Kempton Park, Surrey

Kempton Park, England formerly an expanded manor known as Kempton, Kenton and other forms, today refers to the land owned by (estate in property of) the Jockey Club: Kempton Park nature reserve and Kempton Park Racecourse in the Spelthorne district of Surrey. Today's landholding was the heart of, throughout the Medieval period, a private parkland – and its location along with its being a royal manor rather than ecclesiastic, or high-nobility manor led to some occasional residence by Henry III and three centuries later hunting among a much larger chase by Henry VIII and his short-reigned son, Edward VI. Kempton appears on the Middlesex Domesday Map as Chenetone a soon-after variant of which was Chennestone (the "k" sound rendered with "ch" and n's proceeded with an "e" due to the early Middle English orthography used by those scribes) later written, alongside data proving a period of regal use, as Kenyngton.
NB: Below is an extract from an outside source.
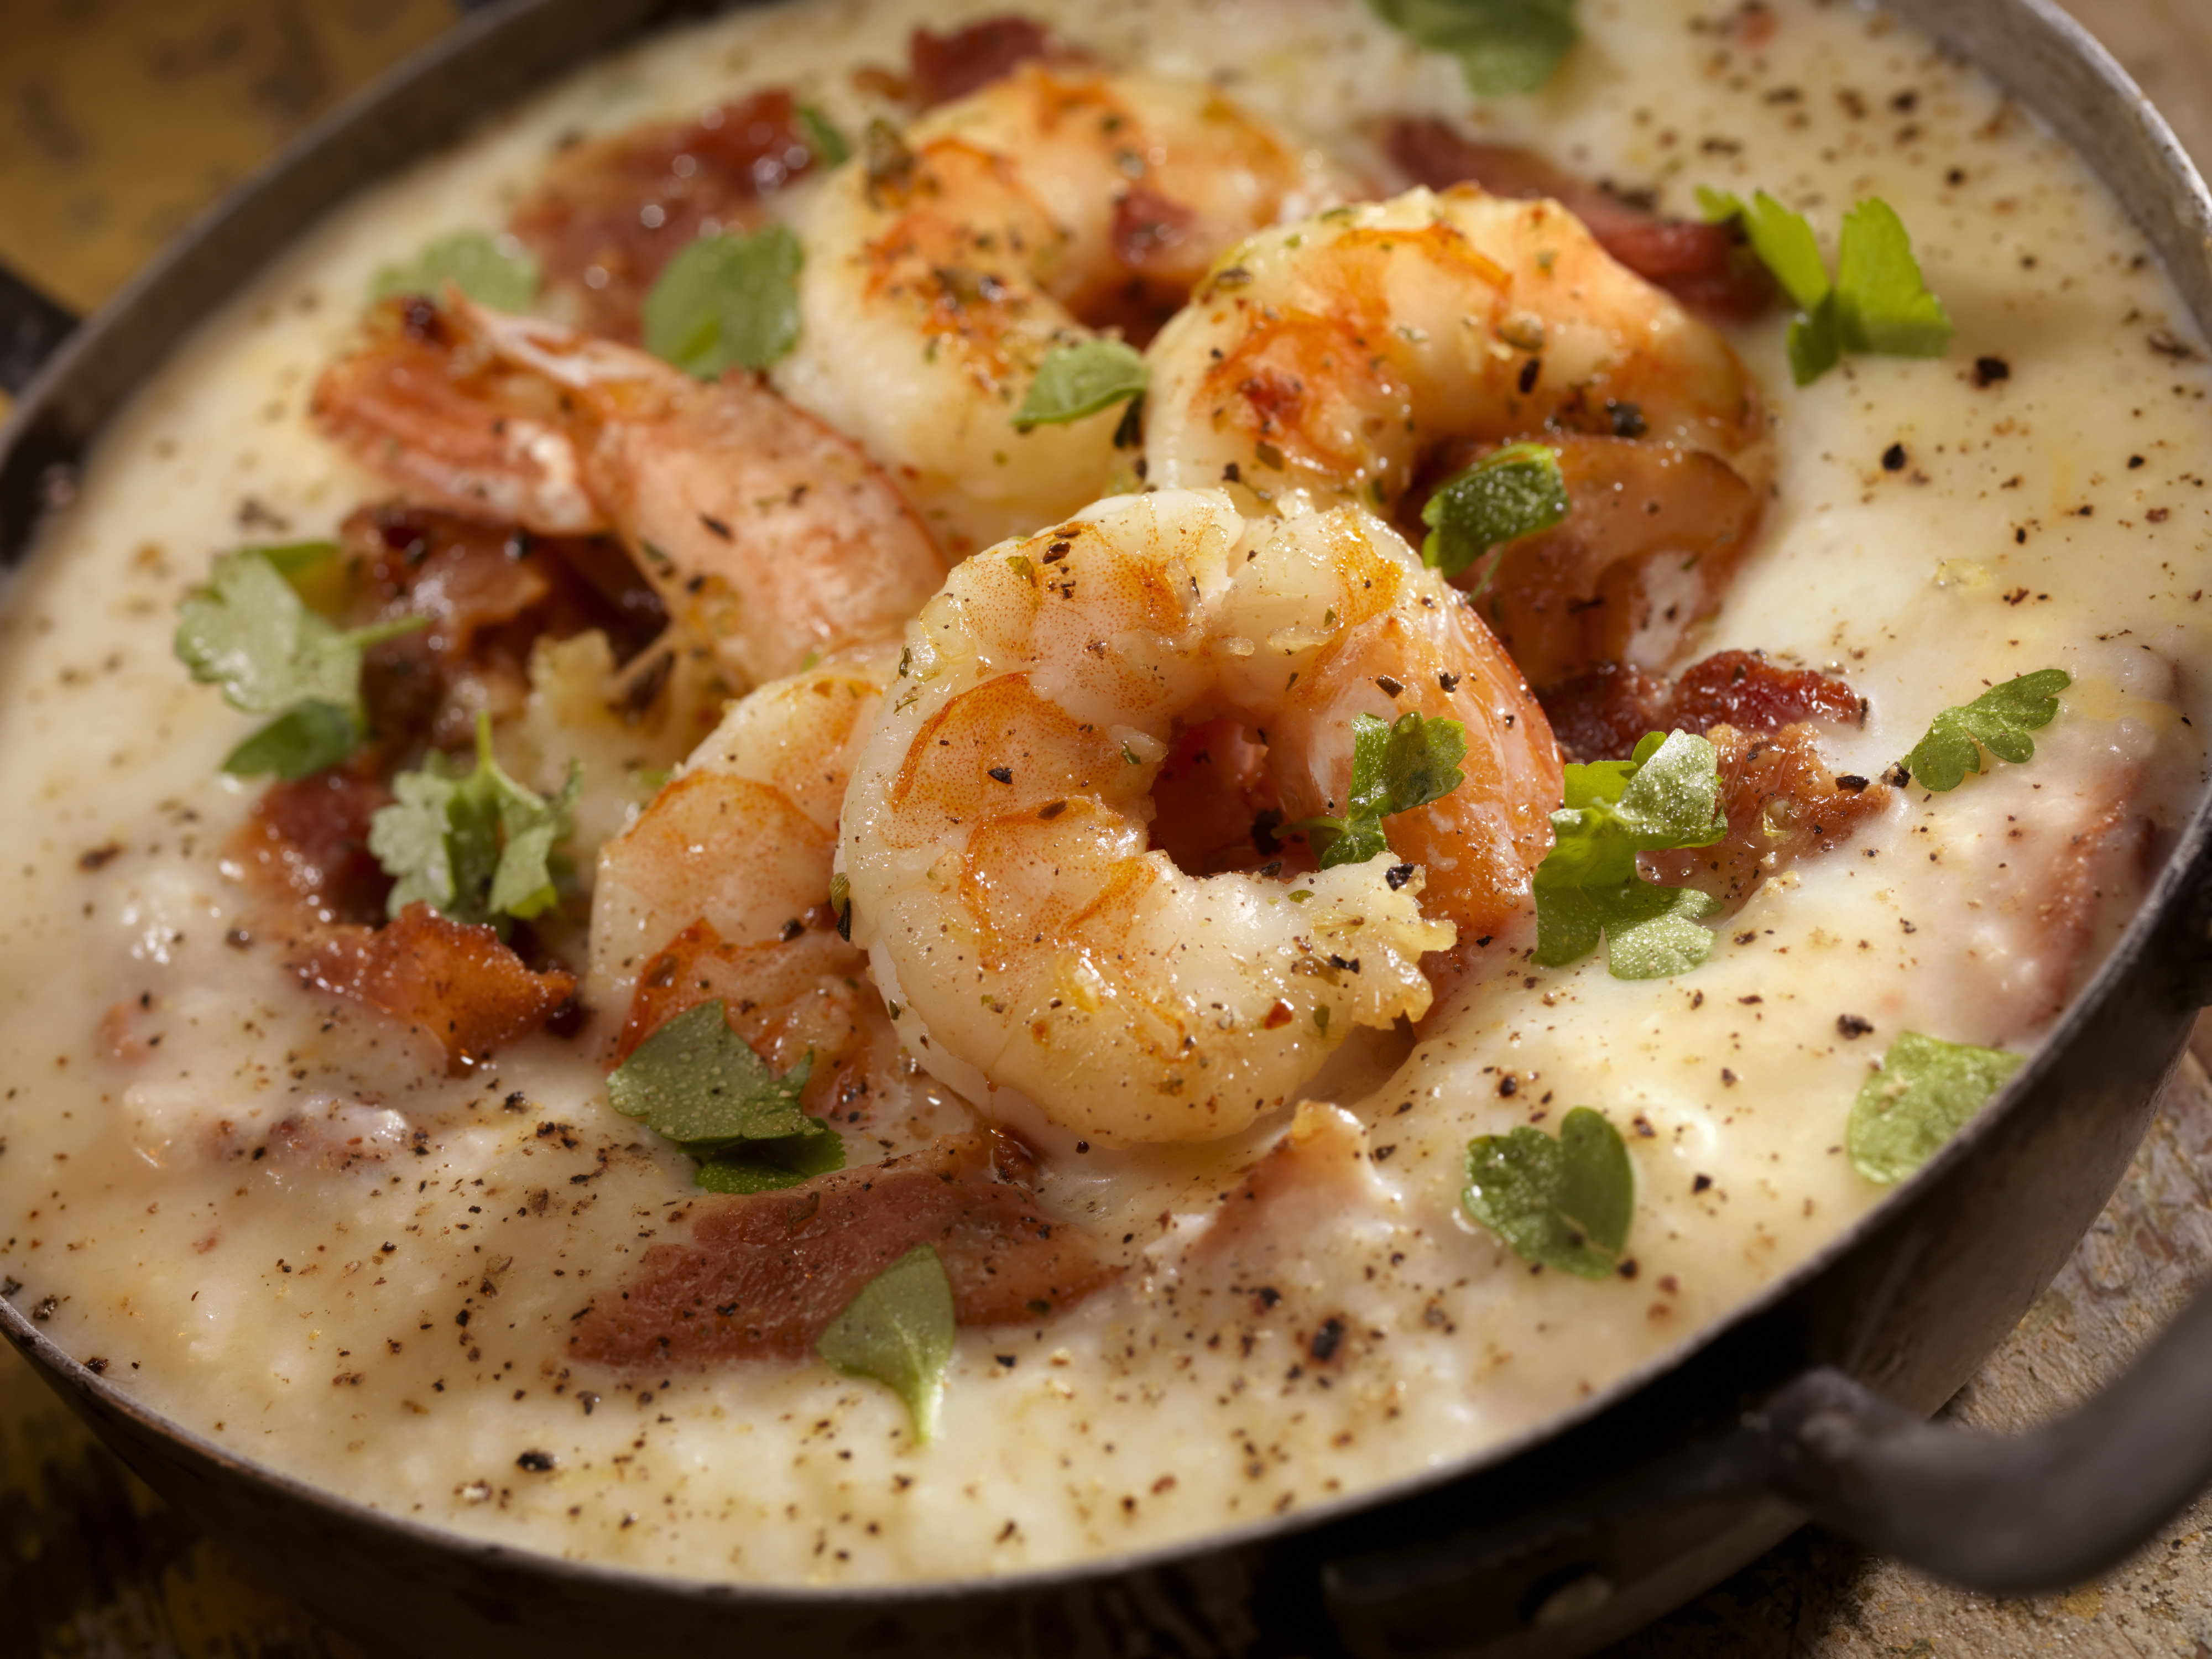 A close-up of a shrimp and grits dish, featuring plump shrimp, crispy bacon bits, and garnished with fresh herbs

The period of the last's writing was a source of ambiguity as it coincided with common forms of writing Kennington in Surrey. A wooded demesne at heart — the first Kempton Park was inclosed by royal licence in 1246. Its farmed-out outland smallholdings were for much of its history a considerably smaller manor than that of Sunbury, in which parish the whole estate is. Most of the ward of Sunbury East was in medieval times part of Kempton, as was the land of the Stain Hill Reservoirs and Kempton Park Reservoirs. No trace can be found of the chief tenant enjoying more than permissive, informal rights such as his tenants sharing in pasture on the common in the north of the parish of Sunbury, in which parish the manor lay.